WorkEdge and cloud
SetSlice
Desktop software that turns one long recording into separate, named songs, even when there's no gap between them.
- ~5.5 KB
- sent per song lookup: a fingerprint computed on your computer, never the audio. About 300 KB per hour of recording
- 0.2 s
- median gap between a cut and the song start its fingerprints point to; all 10 cuts in a 48-minute test within 1.2 s
- ~3 min
- to name every song in a 48-minute recording; the local signal analysis takes 9 seconds of that
- 25 hours
- of song identification in the one-time early-access price; splitting and MP3 export run on your computer

SetSlice started as an in-house tool. Long, continuous sessions of music recorded in Audacity needed to come back as separate, properly named songs, without an evening of dragging markers.

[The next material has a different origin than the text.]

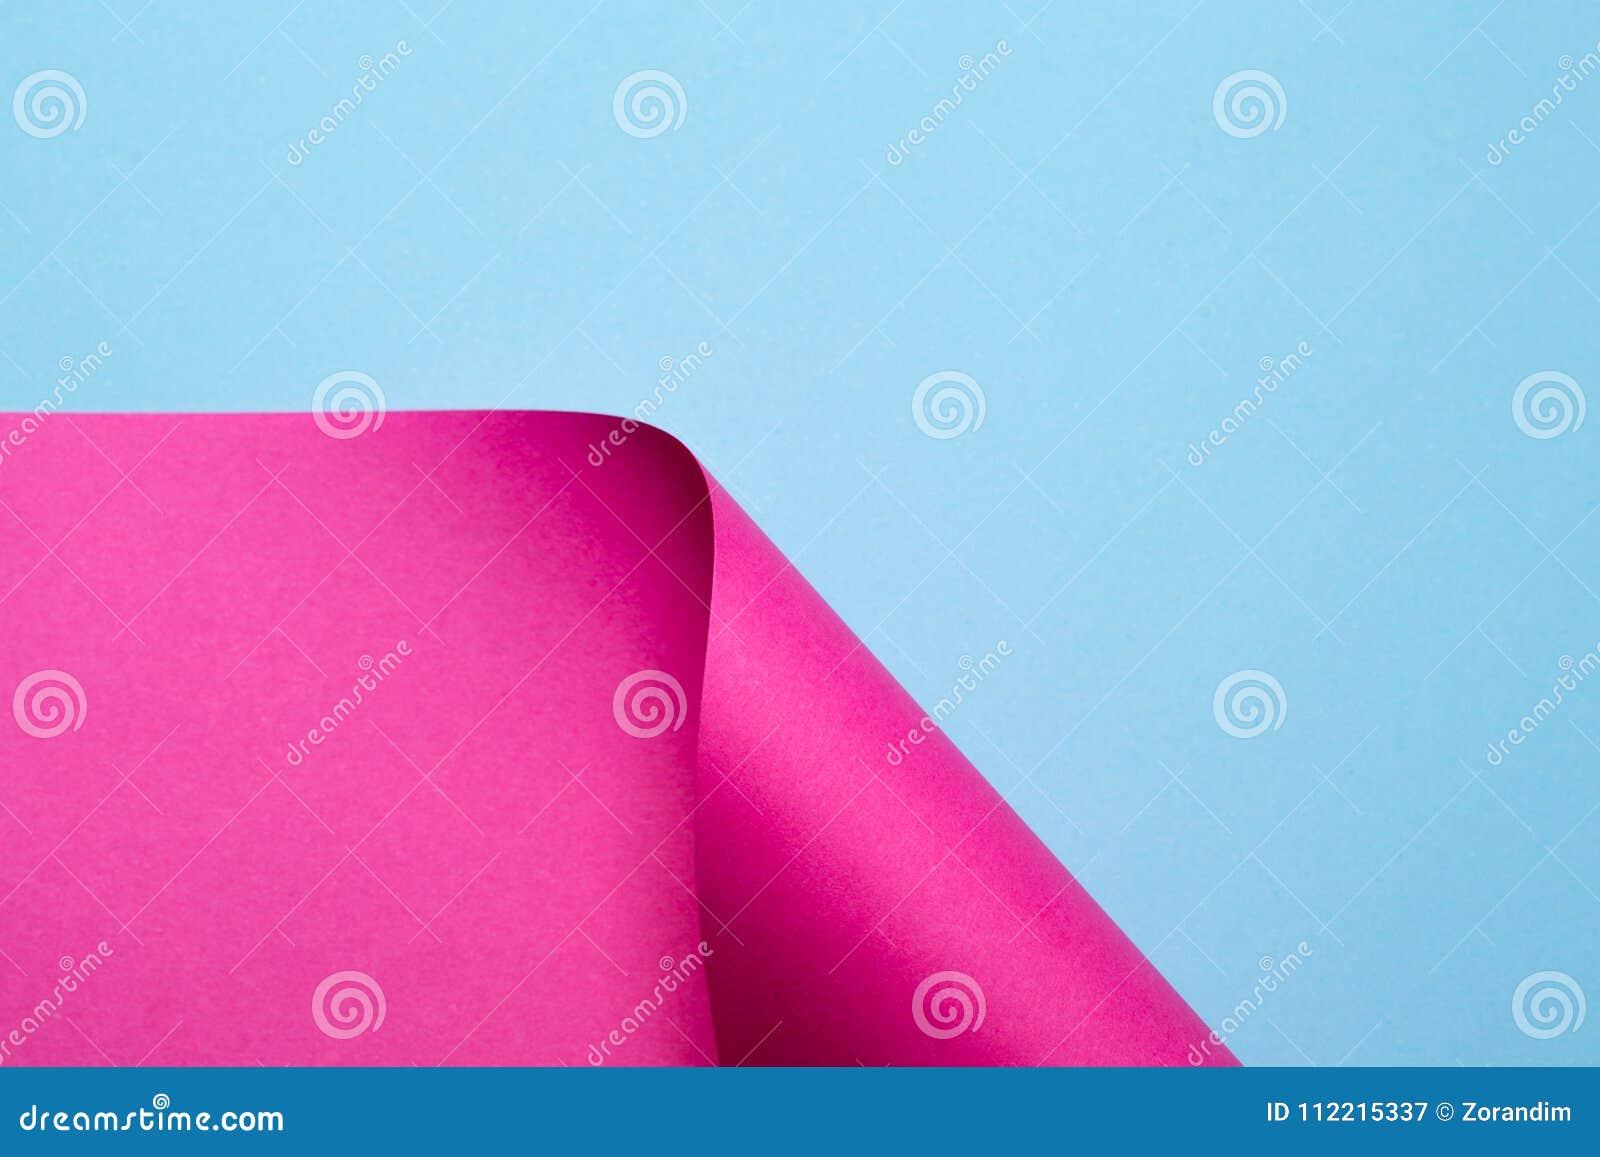 Abstraktes Farbpapier In Den Geometrischen Formen Stockbild - Bild ...

The usual approach, cutting at the silence between songs, fails when songs run straight into each other. SetSlice listens instead. It fingerprints a short clip about every seventy seconds and sends only that fingerprint to a recognition service, and each match reports where in the original song that clip sits. That gives the song’s start time directly, and separate clips of the same song agree to within milliseconds. Local signal processing then places each cut at the quietest point near that estimate, and a consistency check throws out matches that contradict better-supported ones, which matters when one track samples another. The recognition provider sits behind a small interface, so it can be swapped.
It runs on the desktop and drives Audacity through its scripting pipe. It reads the audio, adds a labelled track so every cut can be checked before anything is saved, then exports each song once as a tagged MP3, encoding several in parallel. Splitting happens locally; only short fingerprints leave the machine.